Borsanın durmaksızın yoluna devam etmesinin en kritik belirleyicisi gelişmiş ülke merkez bankalarının uyguladığı politikalara devam etmeleri. Bakın, FED, ABD'deki düzelmelere göre para saçma operasyonuna son verebilir. Son toplantı tutanaklarına böyle bir manevra yapma olasılığının sinyalleri izlenebiliyor. Üçüncü parasal genişleme programında bir süre koymamıştı FED. İşsizlik oranının makul seviyelere inmesi, yüzde 6.5 gibi, büyüme hızının ivmelenmesi temel kriterleri idi. Tabii, enflasyonun yüzde 2'yi aşmaması koşulu ile. Zaten, Eylül'de aldığı bu karar tüm üyelerin içine sinmemişti.
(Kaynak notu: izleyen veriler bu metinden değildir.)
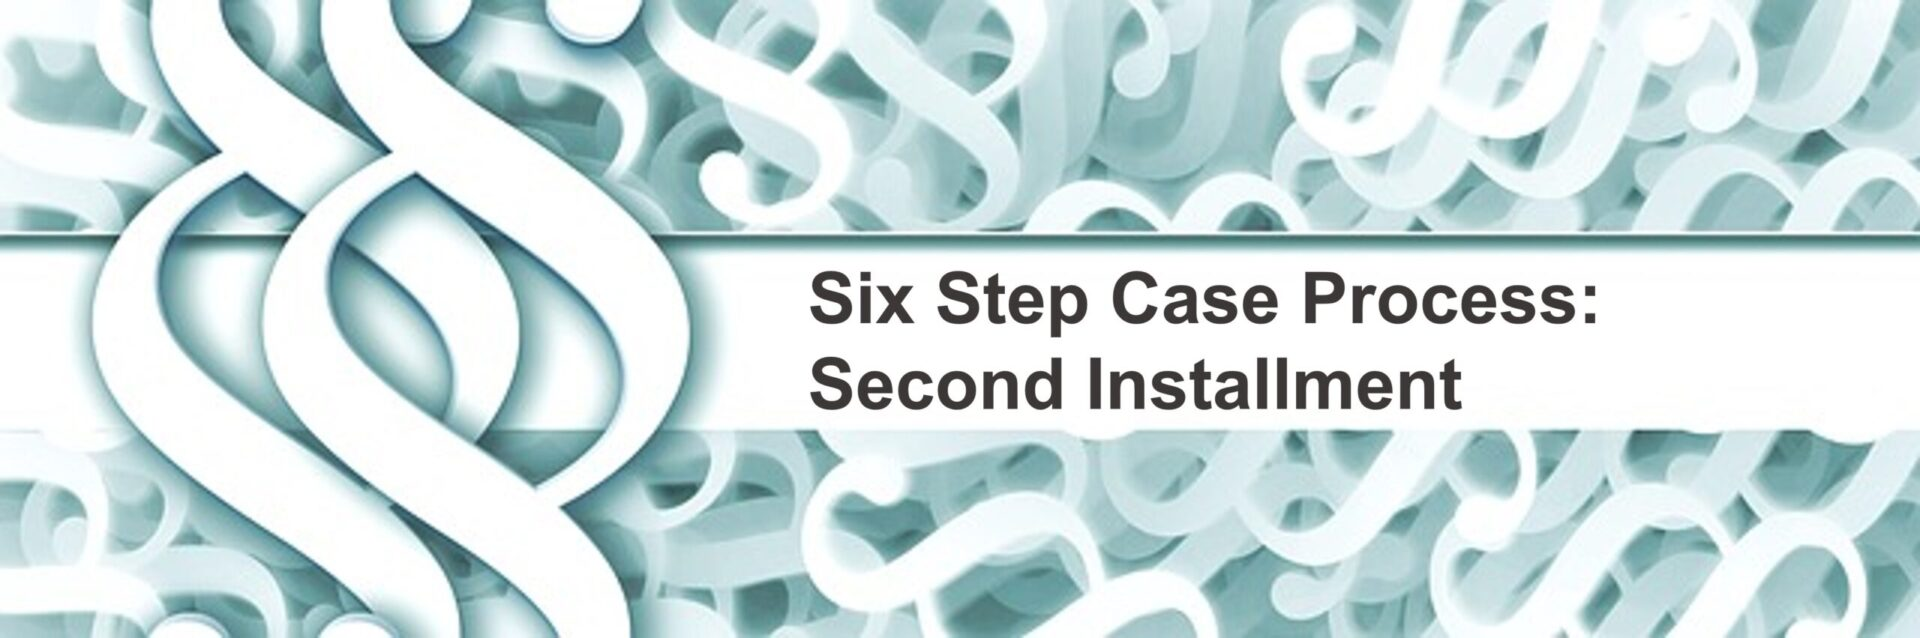 HFLG Six Step Process-2nd Installment

Dolayısıyla, FED aylık 85 milyar dolarlık ipotek kağıtları ve tahvil alımına ara verirse ya da rakamı indirirse, işte o zaman borsaların iksiri "küresel likidite" geri çekilmiş olacak.
Son olarak altına da bir göz atalım...
Altın da yükselişte... 6 Eylül'de yaptığı zirve sonrası bin 580-bin 700 bandında salınım hareketi yapıyor. Bugünlerde bir kez daha 1.700'leri zorlamaya başladı. Yılın son çeyrek verileri henüz açıklanmadı. Ancak, aylık bazda 4. çeyreğin 3. çeyrekten talep açısından daha iyi seyrettiği görülüyor. 3. çeyrekte yatırım amaçlı talep yüzde 18, endüstriyel altın talebi yüzde 9, genelde de yüzde 14 aşağı inmişti. Alım fiyatına göre bu seviyelerde kısmen realizasyon yapılabilir.